* [PROBLEM]: In the records below, repeat exactly the lines between the line holding "fc31fbaa710dd Dansko Professional" and the line holding "LEGO NINJAGO 2115", inclusive, and drop the pictures.

* [AVAILABLE RECORDS]:
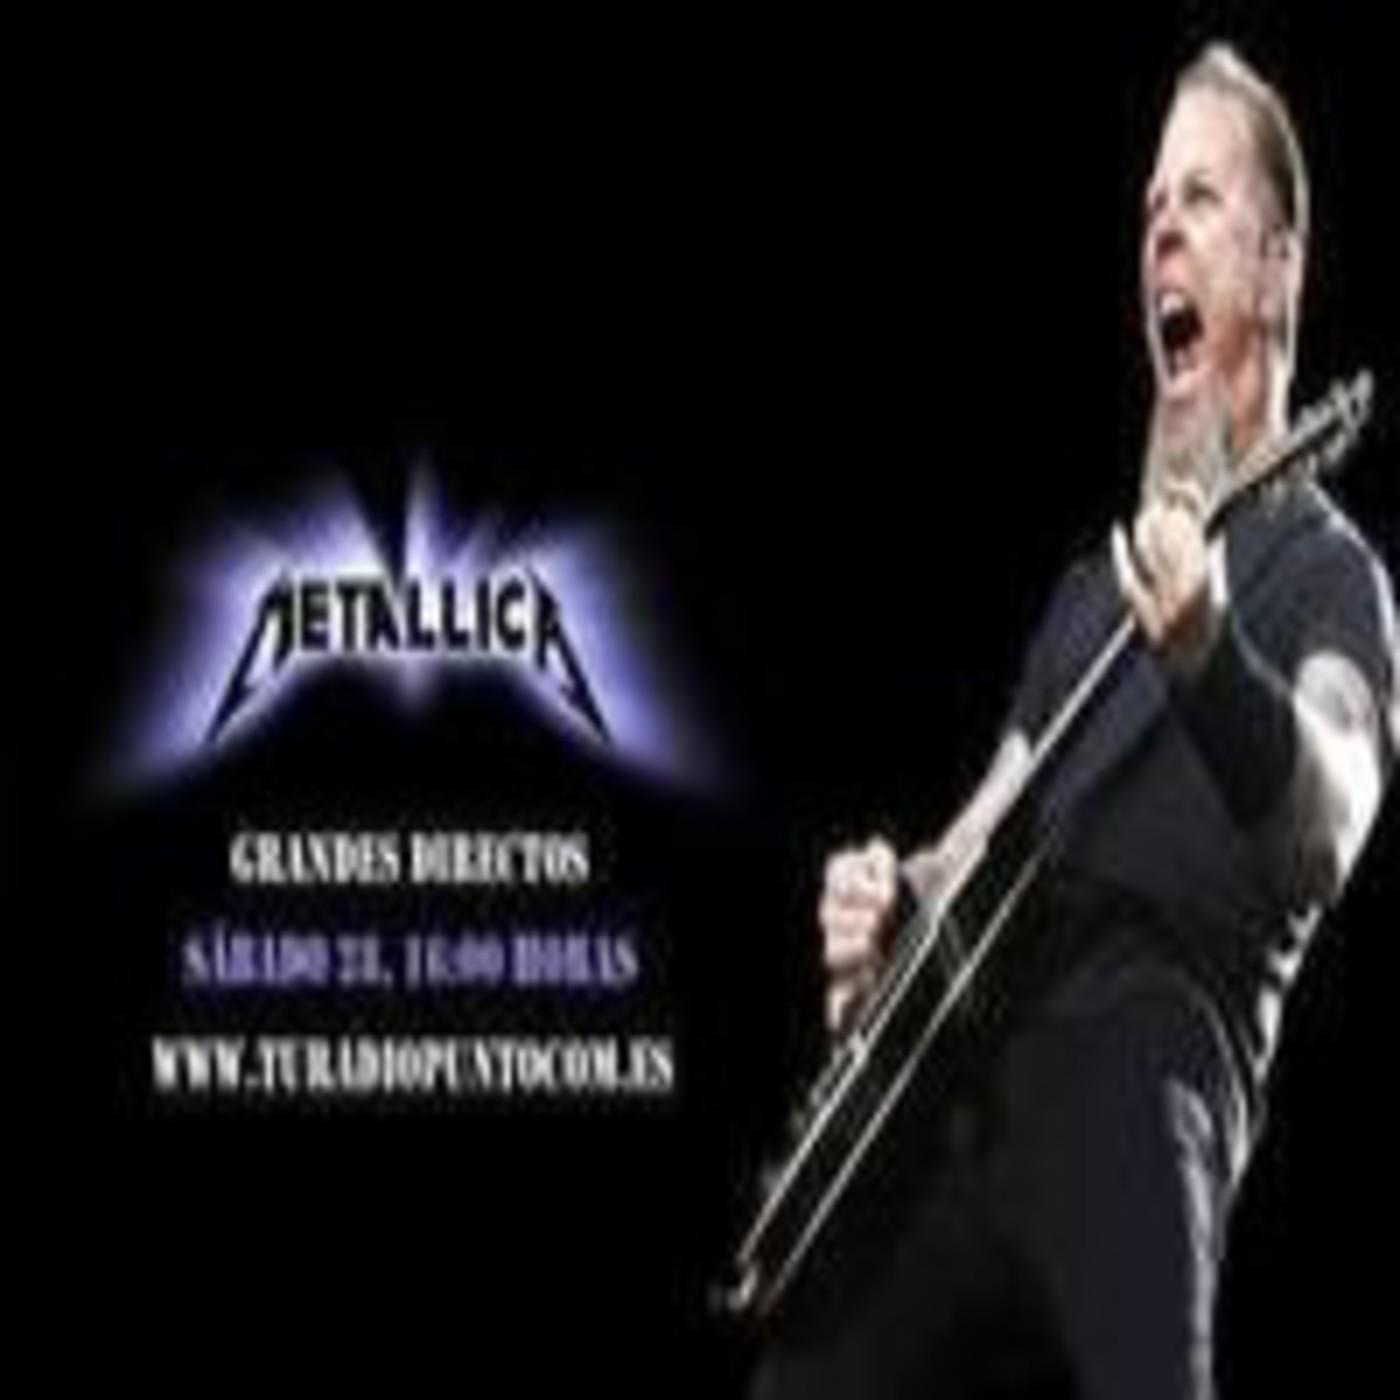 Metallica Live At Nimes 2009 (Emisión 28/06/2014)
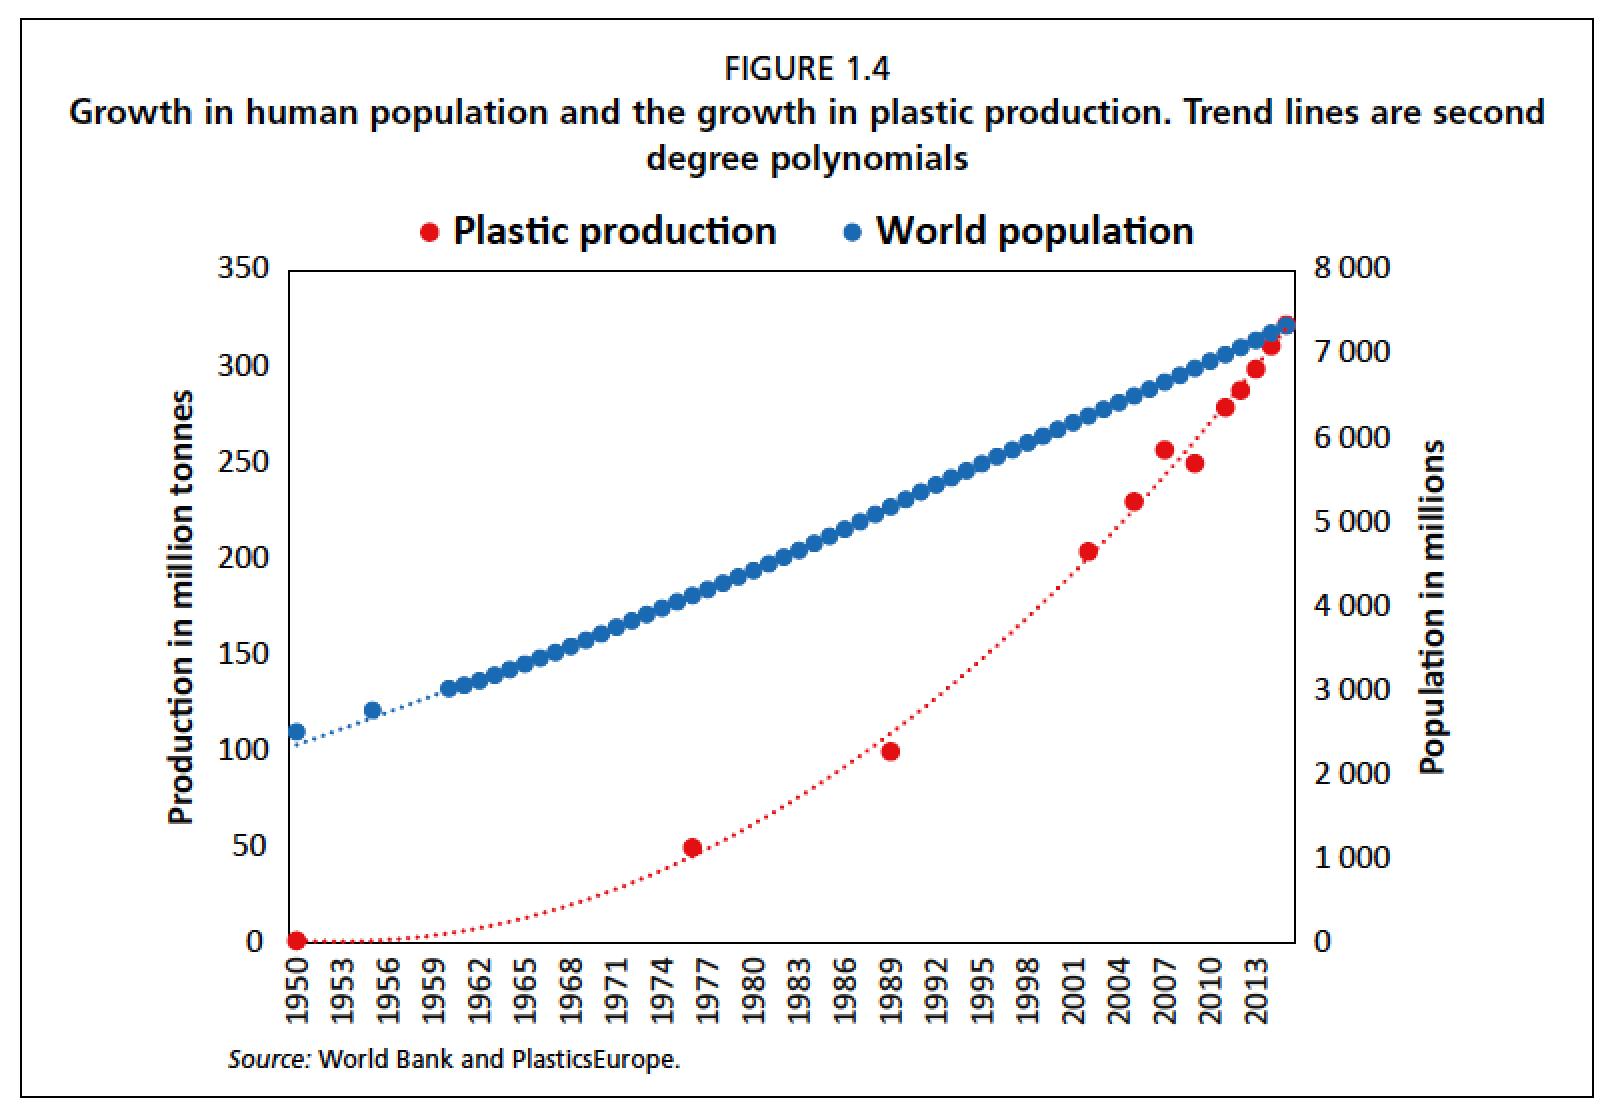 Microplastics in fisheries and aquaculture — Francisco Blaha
==
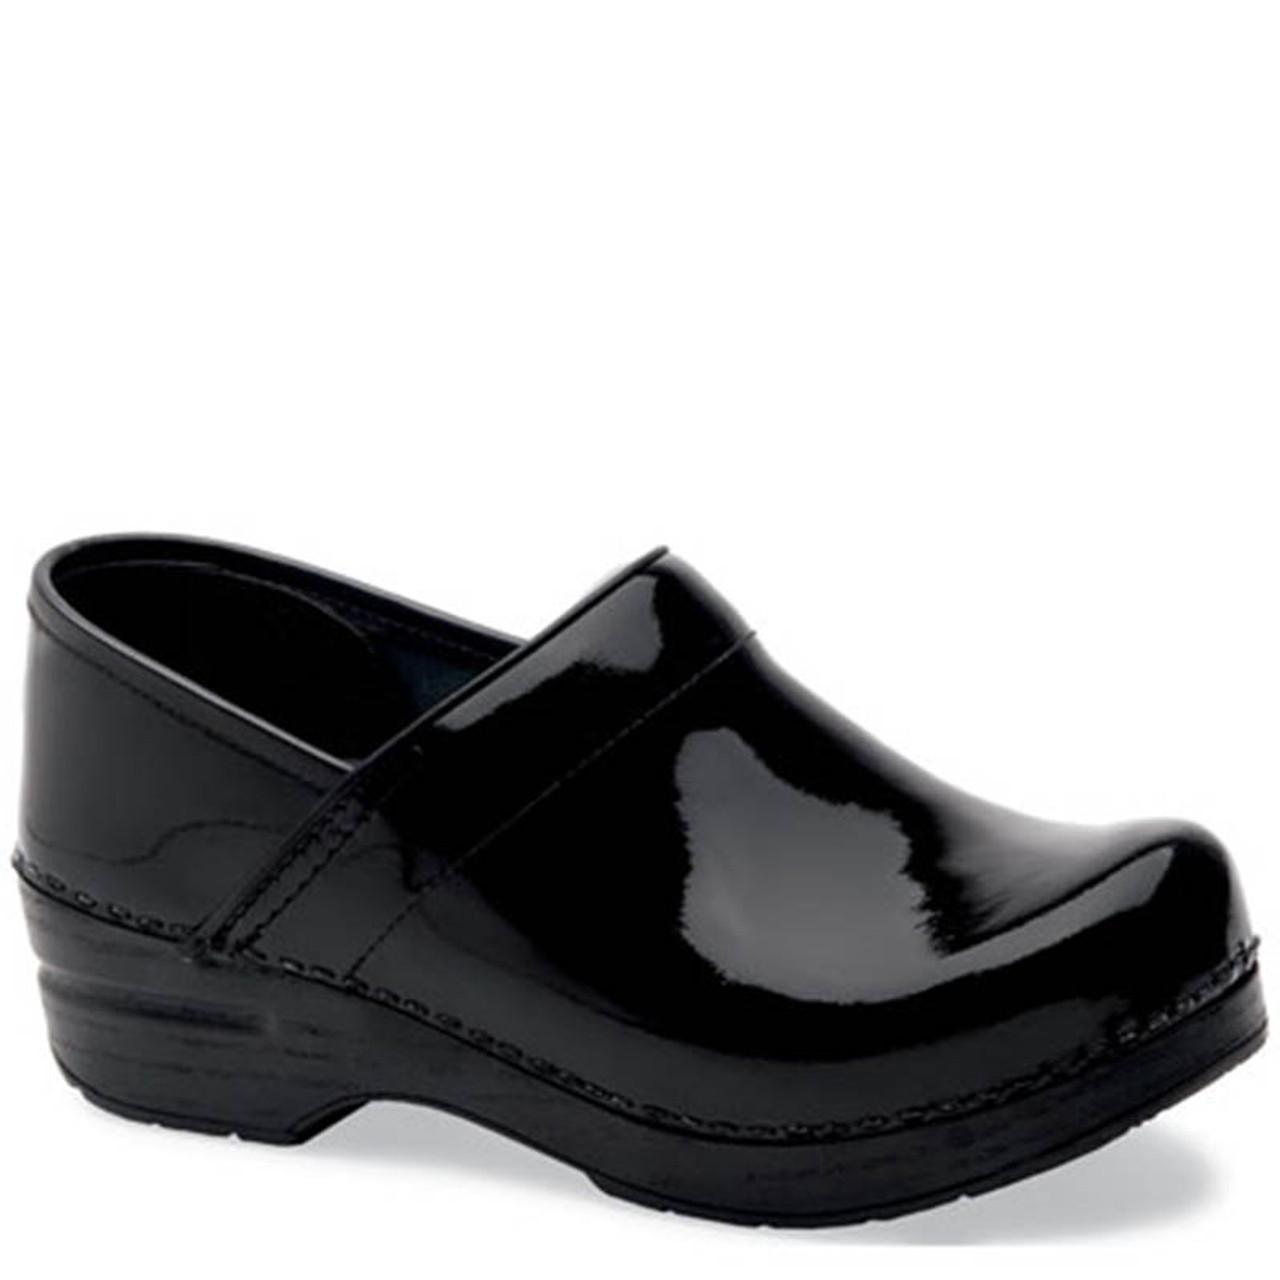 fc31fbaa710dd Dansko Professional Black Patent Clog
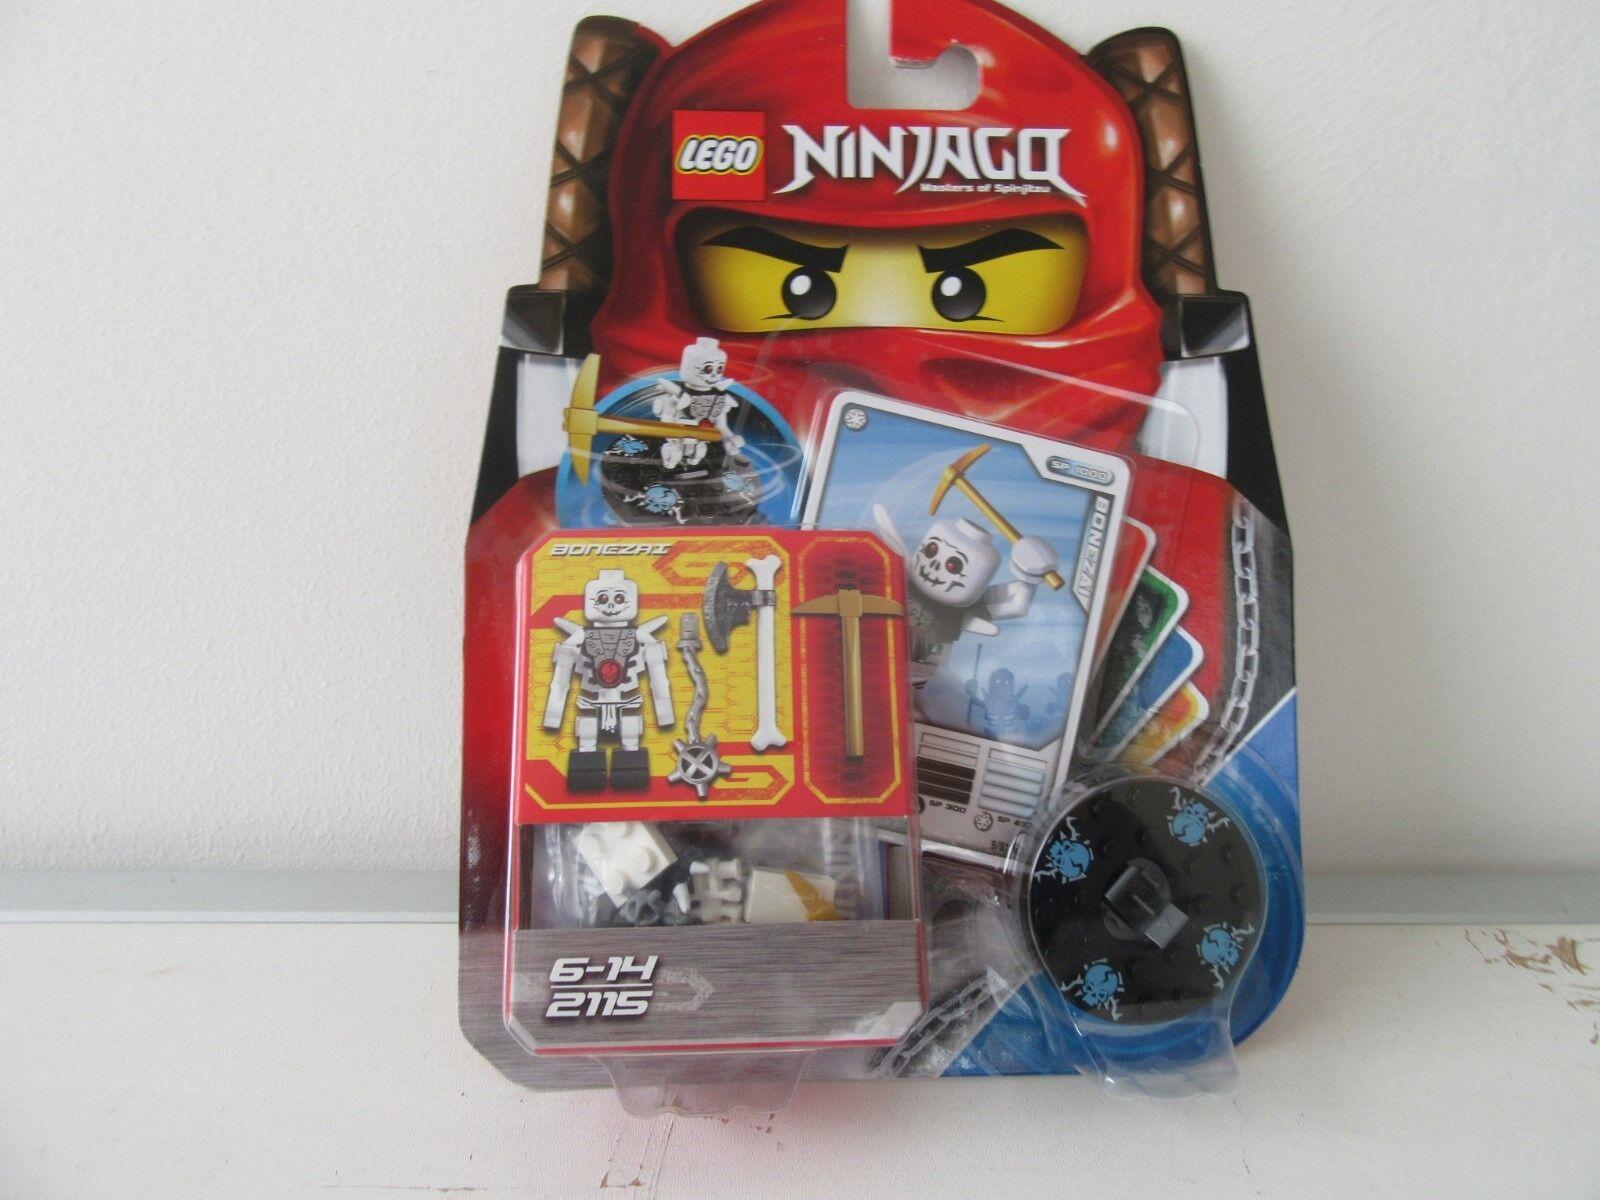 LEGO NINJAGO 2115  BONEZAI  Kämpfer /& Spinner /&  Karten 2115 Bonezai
--
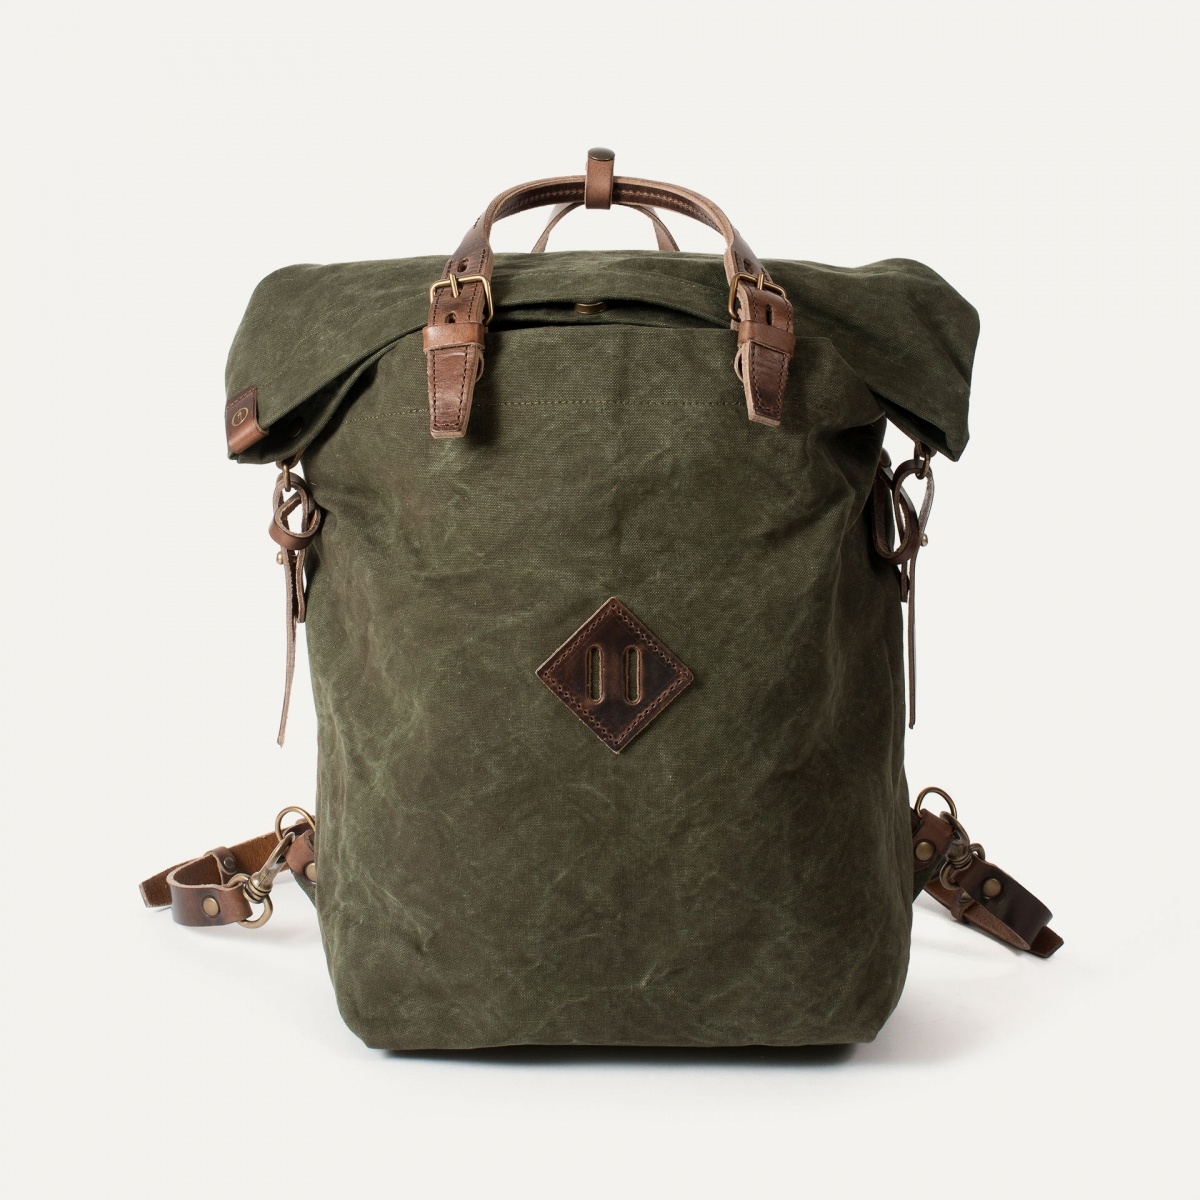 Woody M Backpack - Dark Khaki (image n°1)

* [EXPECTED ANSWER]:
 fc31fbaa710dd Dansko Professional Black Patent Clog
 LEGO NINJAGO 2115  BONEZAI  Kämpfer /& Spinner /&  Karten 2115 Bonezai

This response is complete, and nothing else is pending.